### Information shown
○ ○ ○ ○ ○ ○ ○

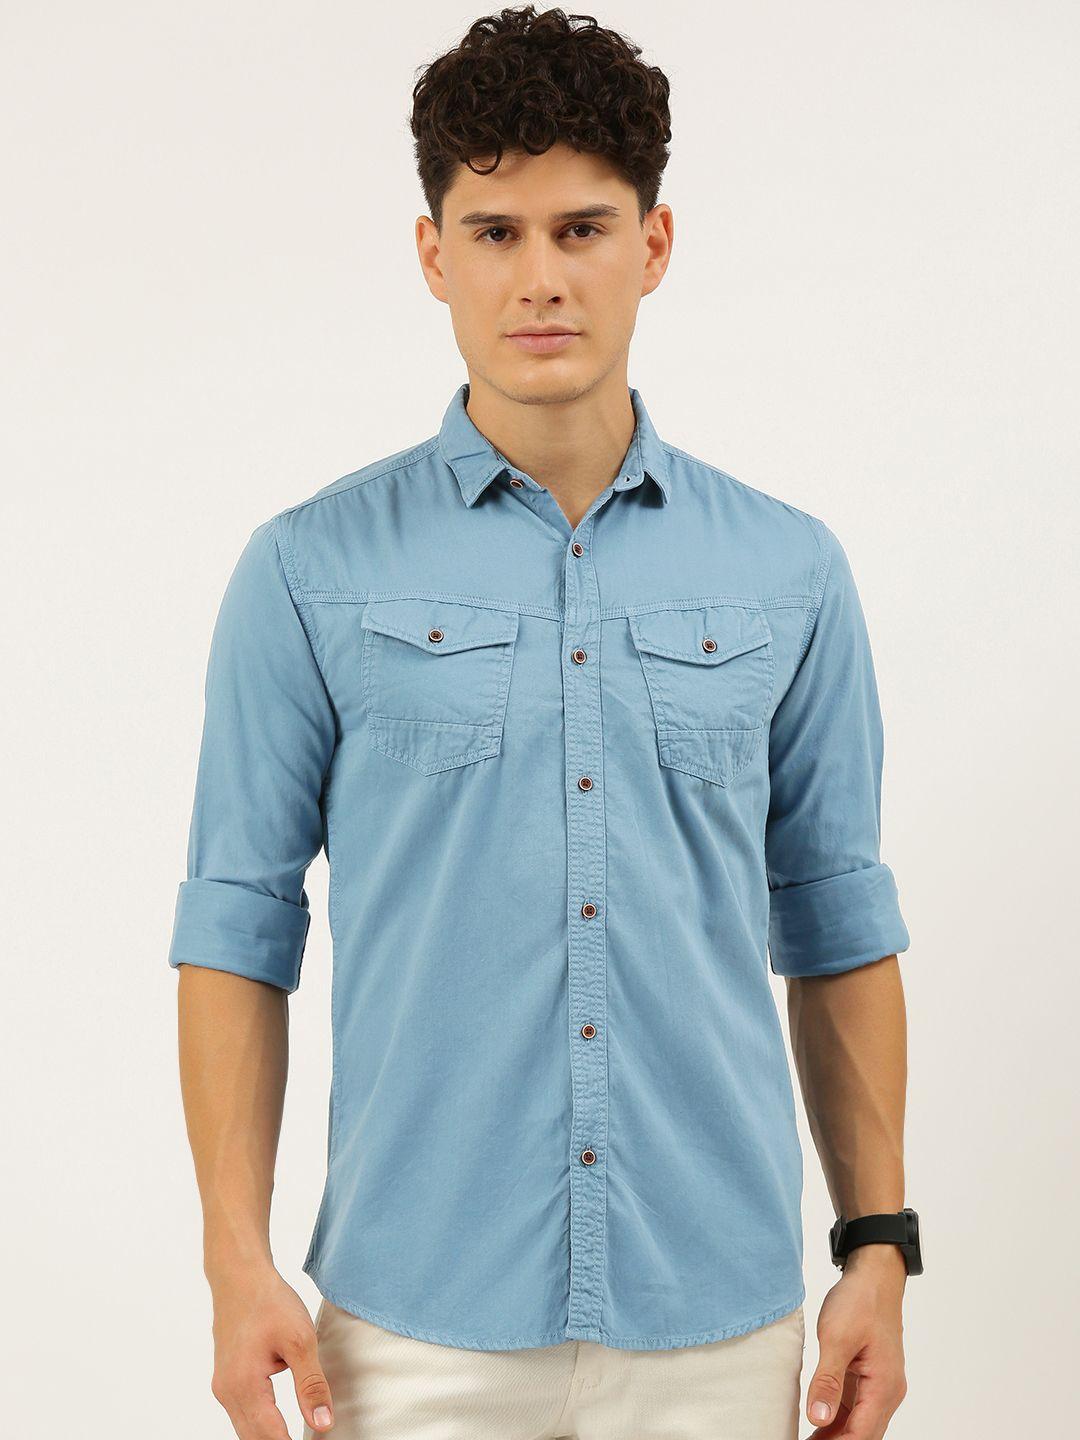 ivoc-men-blue-pure-cotton-standard-slim-fit-casual-shirt
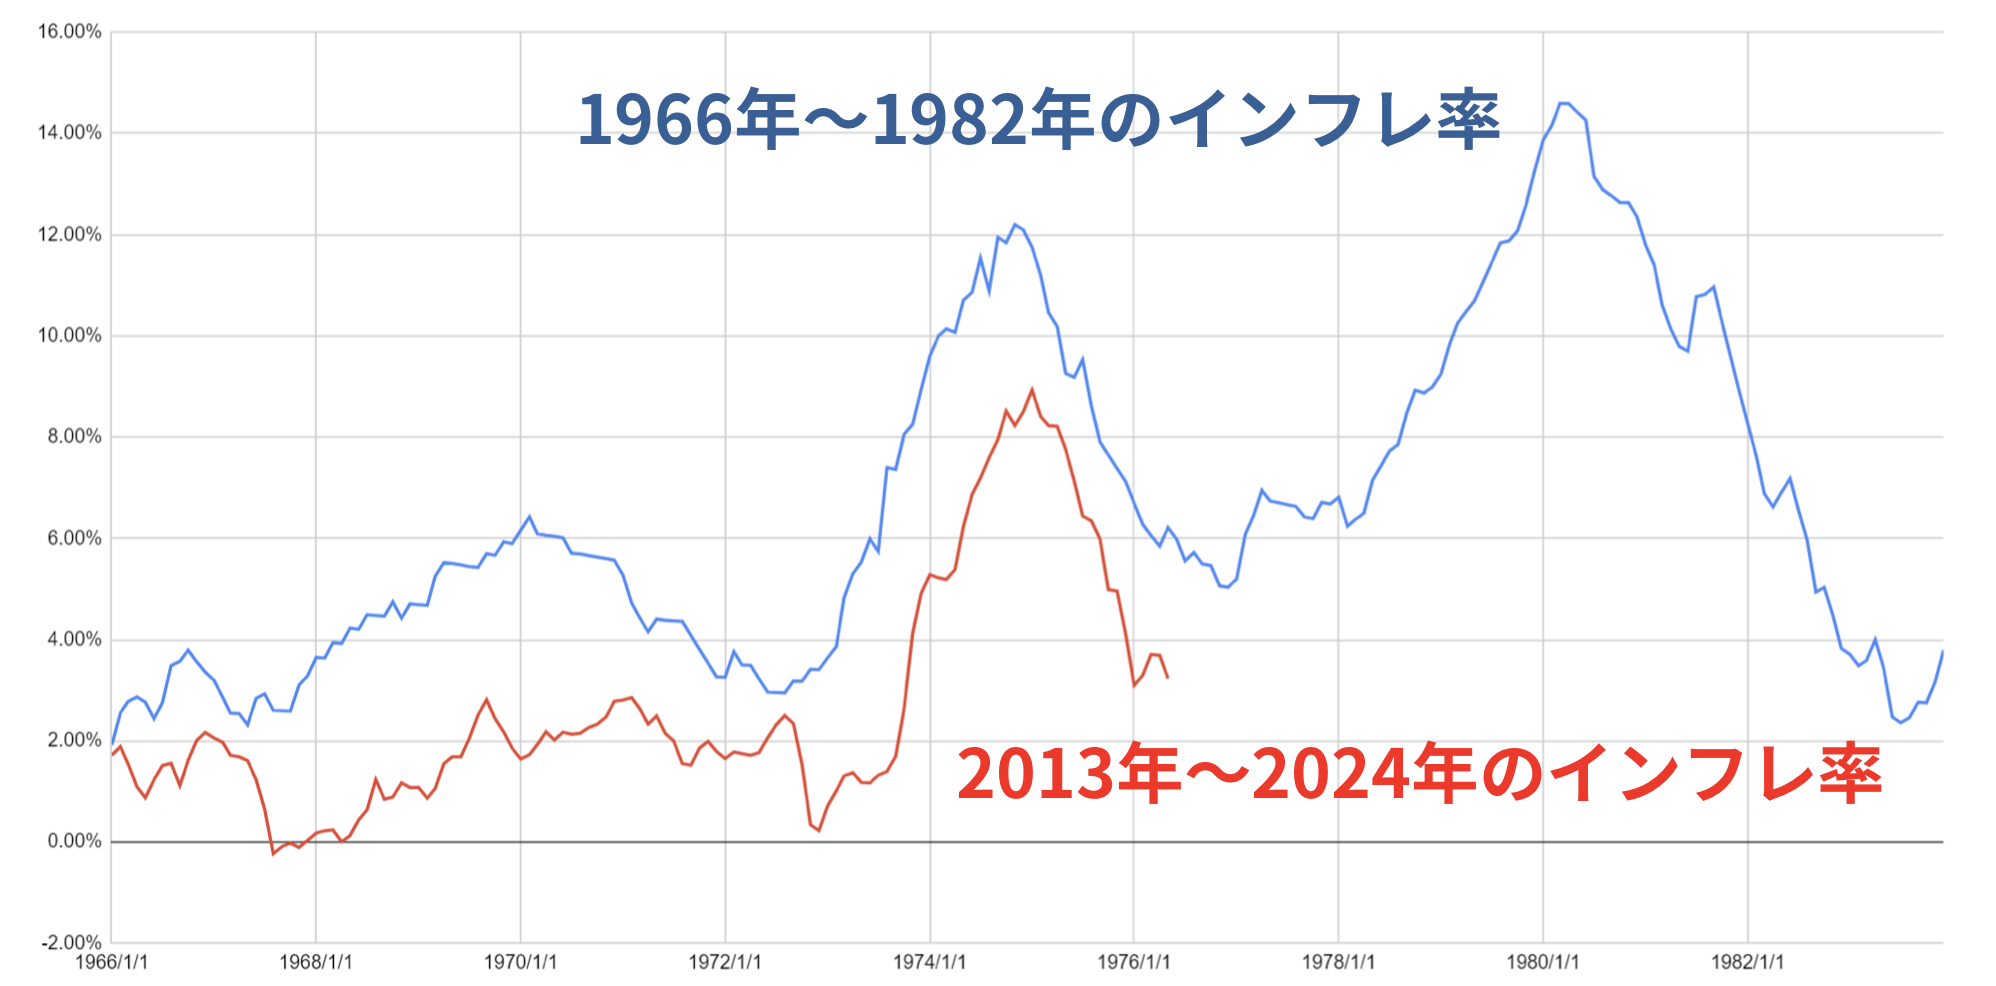 現在のインフレ率は1970年代のインフレ率と酷似
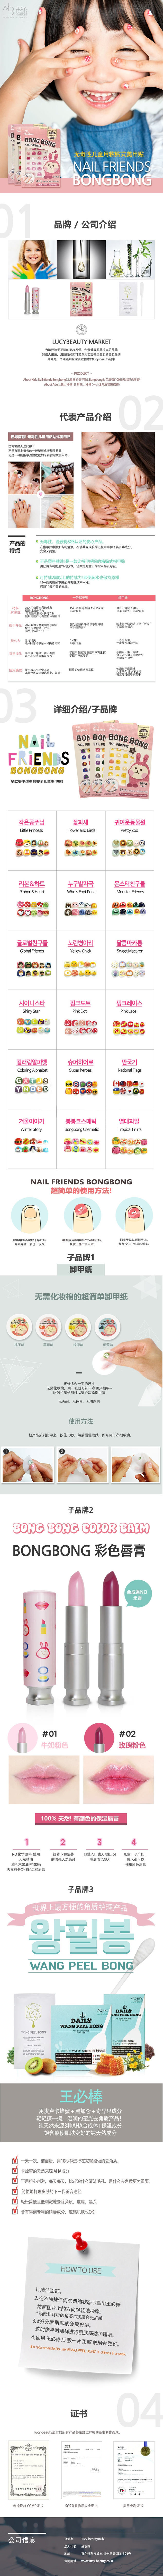 BONG BONG 韩国儿童宝宝3-7岁美甲指甲贴小朋友安全无毒粘贴式指甲贴纸 1pc

○ ○ ○ ○ ○ ○ ○

### Problem requirements
When you restate the listing above, give each line word for word but leave out every image.

### Exercise answer
 ivoc-men-blue-pure-cotton-standard-slim-fit-casual-shirt
 現在のインフレ率は1970年代のインフレ率と酷似
 BONG BONG 韩国儿童宝宝3-7岁美甲指甲贴小朋友安全无毒粘贴式指甲贴纸 1pc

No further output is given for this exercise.